К счастью, для меня все окончилось благополучно, хотя из 80 человек было принято всего 12. В их числе оказался и я. В Киев полетели две телеграммы: одна - товарищам по батальону, другая - жене. Я сообщал ей, что можно выезжать в Ленинград.
Учеба на военном отделении совпала по времени с годами первой пятилетки. Газеты ежедневно приносили добрые вести. Все громче звучал патриотический призыв: "Пятилетку в четыре года!"
Мы старались возможно лучше учиться, но этого нам казалось мало. Хотелось скорее применить полученные знания на практике. Вот тогда-то и возникла мысль пройти весь курс обучения за четыре года вместо пяти.
Вначале командование и ректорат института отнеслись к нашей идее с недоверием. Но потом этот вопрос изучили более детально, и в конечном итоге наш "встречный" план был утвержден.
Заниматься приходилось очень много, но мы не жаловались. У нас были прекрасные преподаватели. Лекции по военным дисциплинам читали и видные военачальники, в их числе - М. Н. Тухачевский. Он читал курс "Основы стратегии". В ту пору Тухачевский командовал Ленинградским военным округом. Несмотря на огромную занятость, он приезжал к нам, будущим военным инженерам, чтобы поделиться своим богатым опытом, разобрать и детально проанализировать в нашем присутствии крупнейшие операции минувших войн.

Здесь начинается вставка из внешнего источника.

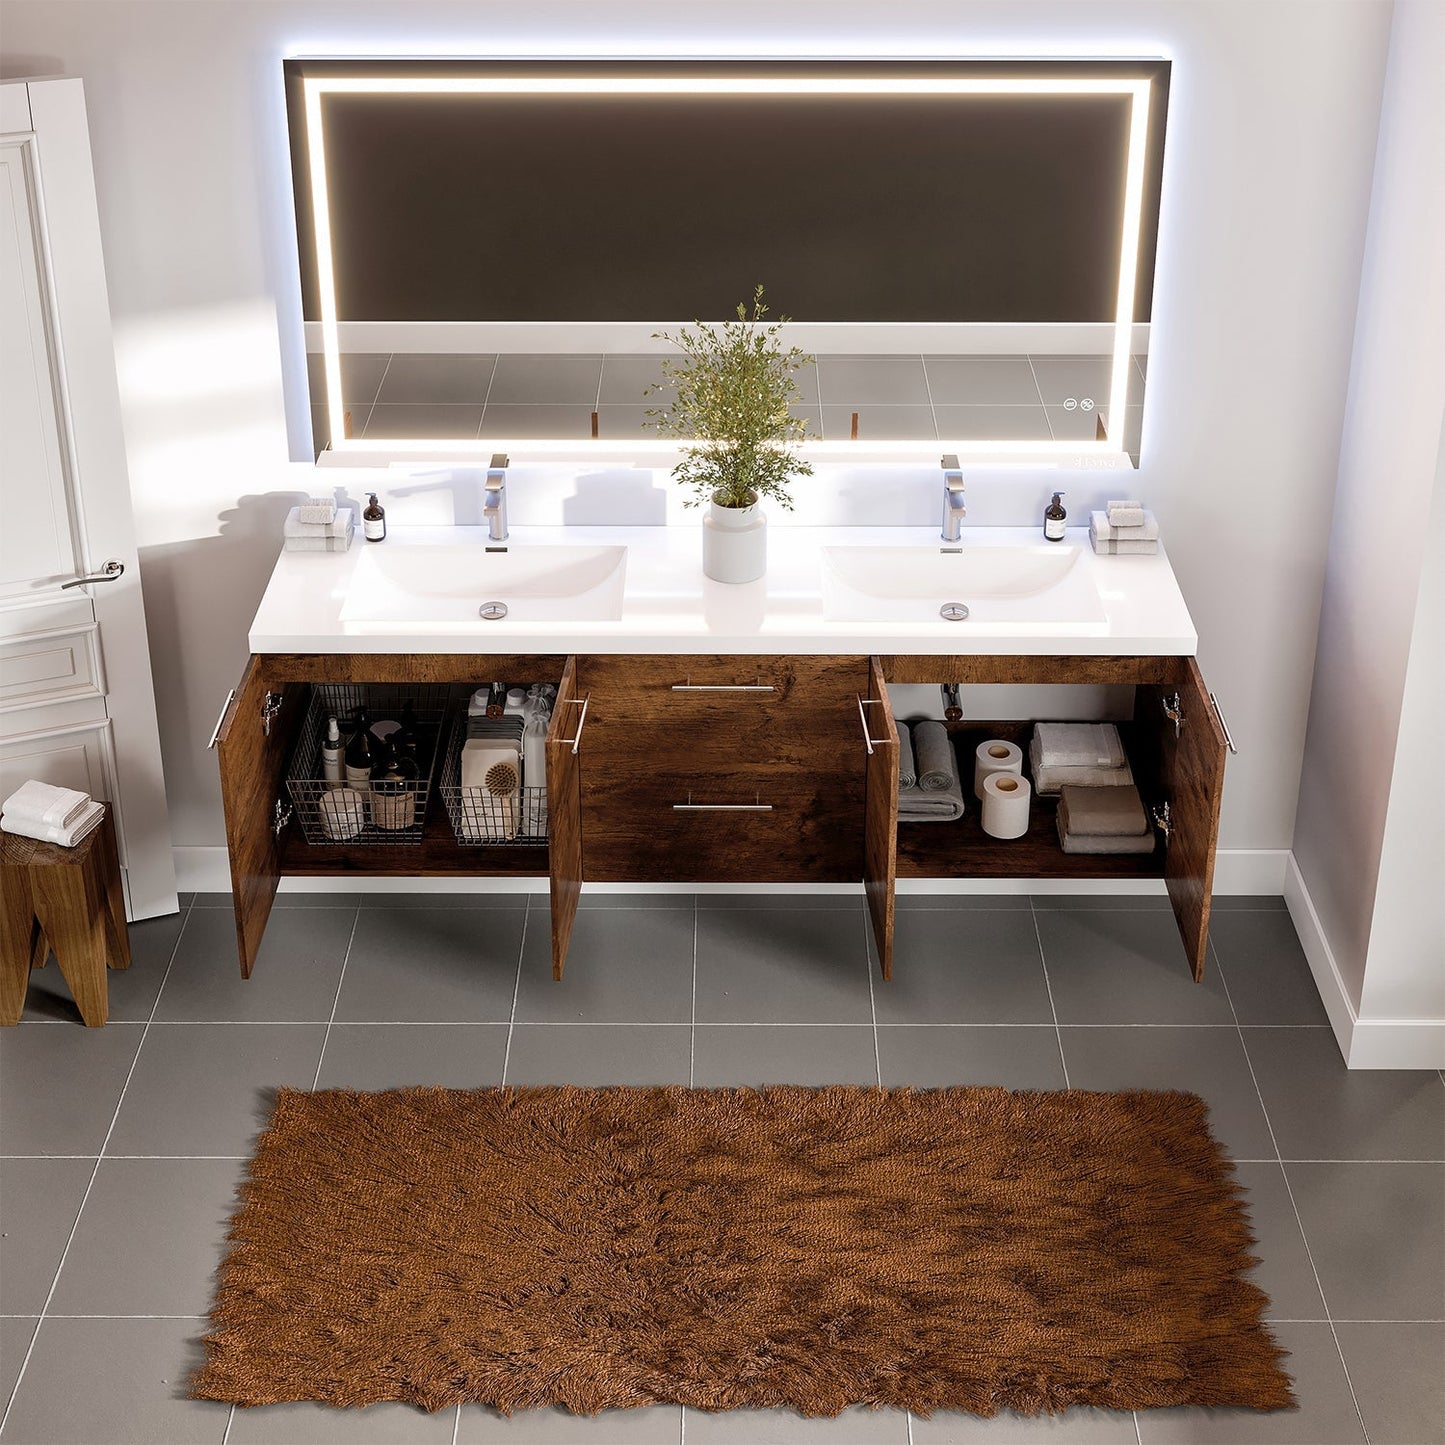 Axis 71"W x 20"D Rosewood Double Sink Bathroom Vanity with Acrylic Countertop and Integrated Sink

Меня охватило отчаяние. Но я постарался взять себя в руки. Вспомнив уроки, преподанные мне Гербановским и Ильюкевичем, начал искать выход из создавшегося положения. Отправил красноармейцев на поиски. Лишь на паровой мельнице им удалось раздобыть кусок сыромятной кожи. Сделали приводной ремень, установили его. Завели двигатель - передача проскальзывает. Казалось бы, все возможности исчерпаны. И тут мне опять вспомнились слова Федора Федоровича: "Думай, ищи, советуйся. Безвыходных ситуаций не бывает".
И действительно, вскоре появилась новая идея: прошить мягкий ремень проволокой, которая не даст ему растягиваться. Сделали. Получилось! Станция заработала вновь.
Красноармейцу, который нес ответственность за эксплуатацию агрегата питания, изрядно досталось от меня.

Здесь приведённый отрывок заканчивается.